*** Opening of Records supplied ***
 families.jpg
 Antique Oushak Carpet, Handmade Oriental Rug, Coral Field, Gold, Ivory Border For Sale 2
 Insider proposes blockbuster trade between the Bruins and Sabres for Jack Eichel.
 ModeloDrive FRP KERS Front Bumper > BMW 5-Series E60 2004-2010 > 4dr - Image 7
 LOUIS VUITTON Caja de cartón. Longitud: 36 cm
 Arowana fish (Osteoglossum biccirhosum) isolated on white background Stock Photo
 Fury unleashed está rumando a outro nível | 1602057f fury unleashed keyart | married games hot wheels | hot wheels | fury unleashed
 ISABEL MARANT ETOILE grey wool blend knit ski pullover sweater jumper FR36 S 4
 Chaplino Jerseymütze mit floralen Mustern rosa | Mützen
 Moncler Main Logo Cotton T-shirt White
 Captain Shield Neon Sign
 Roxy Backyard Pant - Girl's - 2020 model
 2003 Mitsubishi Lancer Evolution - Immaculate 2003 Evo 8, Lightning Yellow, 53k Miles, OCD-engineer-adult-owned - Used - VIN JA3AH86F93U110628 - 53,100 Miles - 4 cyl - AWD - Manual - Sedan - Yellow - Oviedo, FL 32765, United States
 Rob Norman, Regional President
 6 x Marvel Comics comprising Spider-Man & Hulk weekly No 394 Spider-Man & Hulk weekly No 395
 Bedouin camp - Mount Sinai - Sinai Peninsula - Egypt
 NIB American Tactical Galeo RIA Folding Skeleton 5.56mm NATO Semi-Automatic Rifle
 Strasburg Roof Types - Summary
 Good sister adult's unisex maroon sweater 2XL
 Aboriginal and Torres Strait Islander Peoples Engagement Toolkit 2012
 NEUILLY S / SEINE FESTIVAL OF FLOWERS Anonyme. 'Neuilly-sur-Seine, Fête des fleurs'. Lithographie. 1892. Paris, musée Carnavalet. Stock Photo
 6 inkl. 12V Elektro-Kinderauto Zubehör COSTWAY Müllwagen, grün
*** Close of Records supplied ***
From the entries above, return exactly the line containing "2003 Mitsubishi Lancer", the line containing "Strasburg Roof Types - Summary", and all lines between, and nothing else.

Response below —
 2003 Mitsubishi Lancer Evolution - Immaculate 2003 Evo 8, Lightning Yellow, 53k Miles, OCD-engineer-adult-owned - Used - VIN JA3AH86F93U110628 - 53,100 Miles - 4 cyl - AWD - Manual - Sedan - Yellow - Oviedo, FL 32765, United States
 Rob Norman, Regional President
 6 x Marvel Comics comprising Spider-Man & Hulk weekly No 394 Spider-Man & Hulk weekly No 395
 Bedouin camp - Mount Sinai - Sinai Peninsula - Egypt
 NIB American Tactical Galeo RIA Folding Skeleton 5.56mm NATO Semi-Automatic Rifle
 Strasburg Roof Types - Summary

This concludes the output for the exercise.